#### The data ####

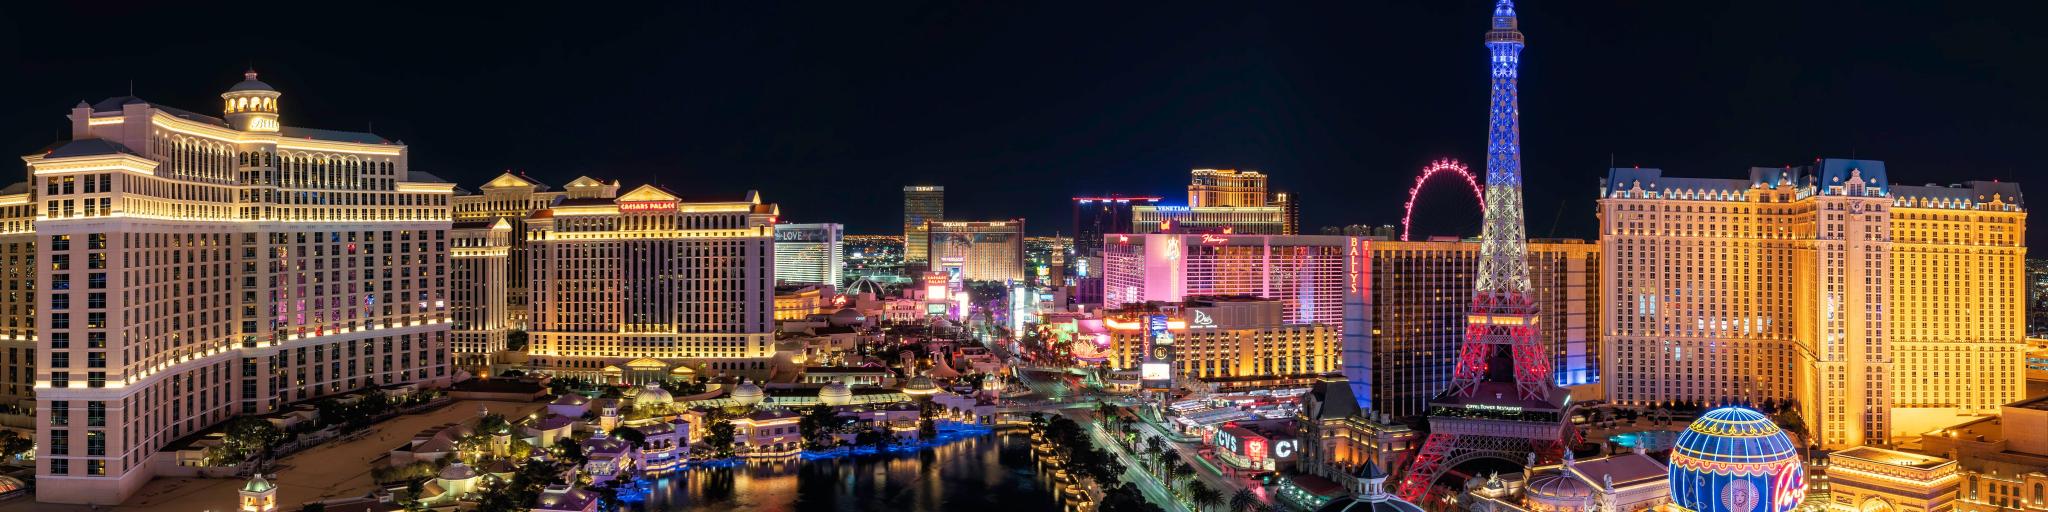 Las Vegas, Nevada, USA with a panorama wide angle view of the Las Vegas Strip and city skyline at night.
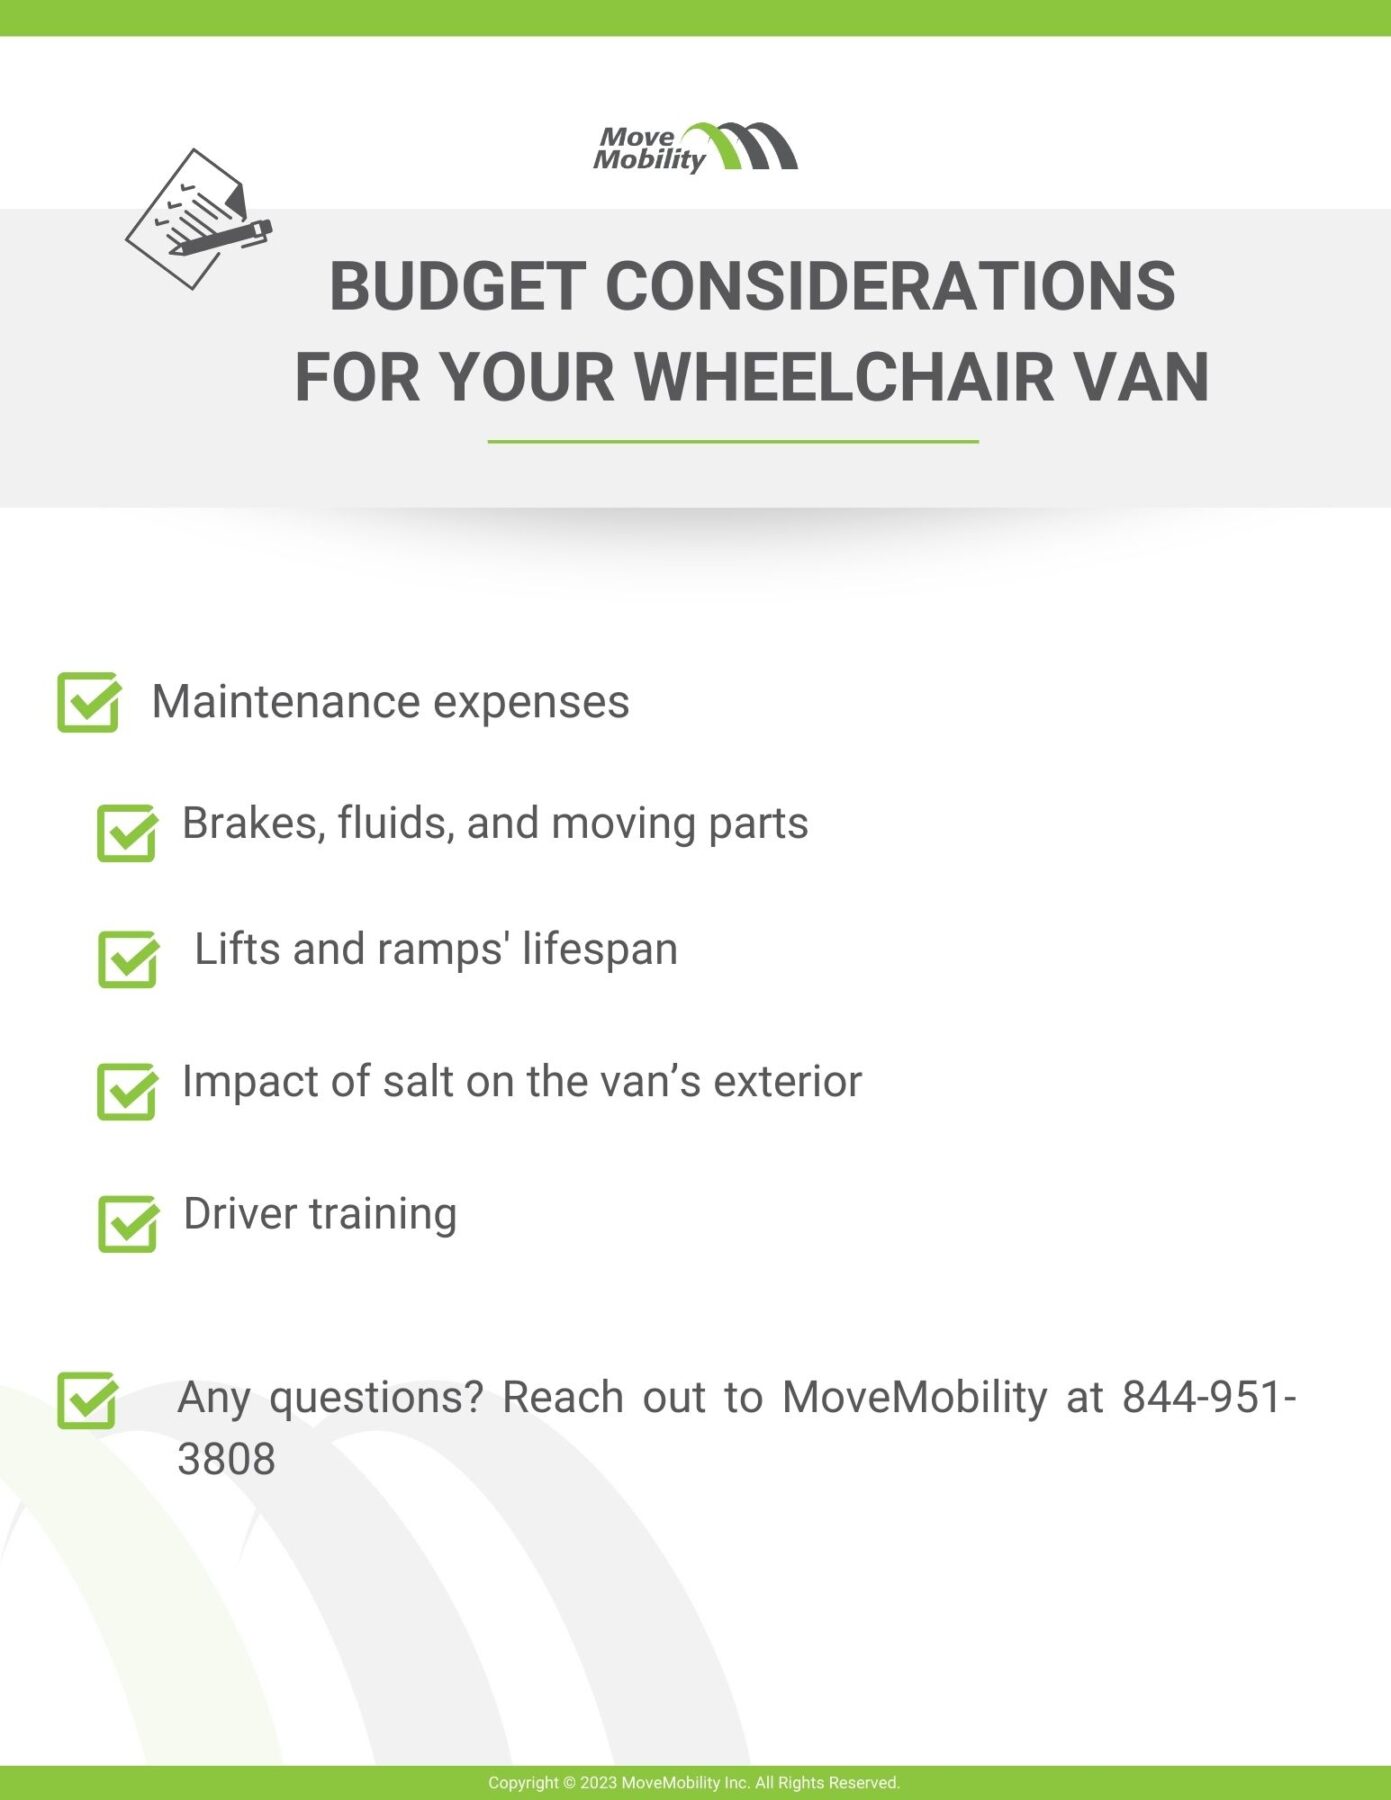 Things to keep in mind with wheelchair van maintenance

####
#### The data ####

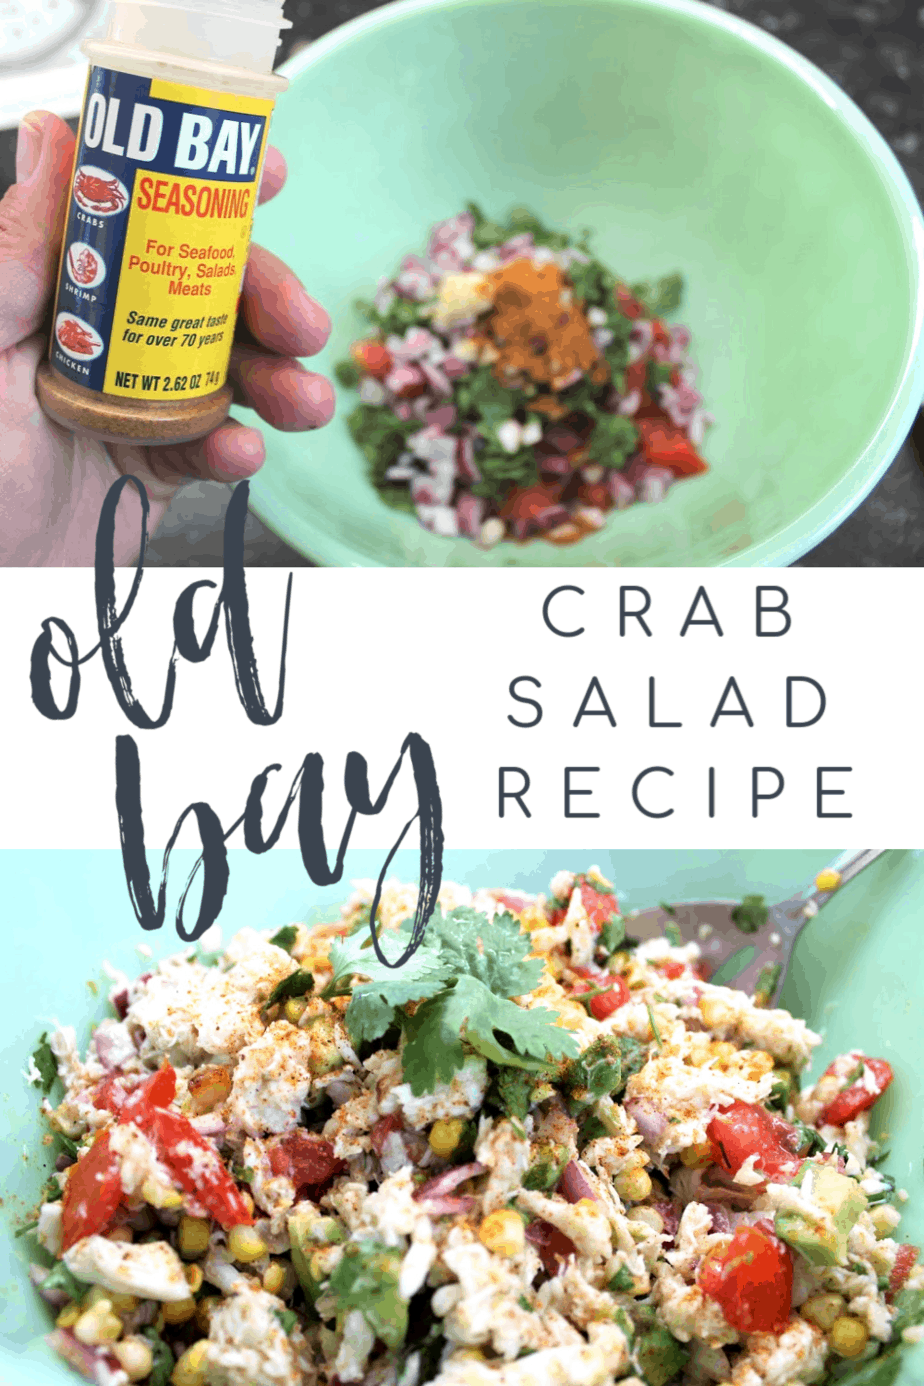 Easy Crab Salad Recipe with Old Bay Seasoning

####

▶ **Exercise**
Pictures excluded, transcribe the listing above exactly from the line with "Las Vegas, Nevada, USA" through the line with "Things to keep", and no further.

▶ **Response to this exercise**
 Las Vegas, Nevada, USA with a panorama wide angle view of the Las Vegas Strip and city skyline at night.
 Things to keep in mind with wheelchair van maintenance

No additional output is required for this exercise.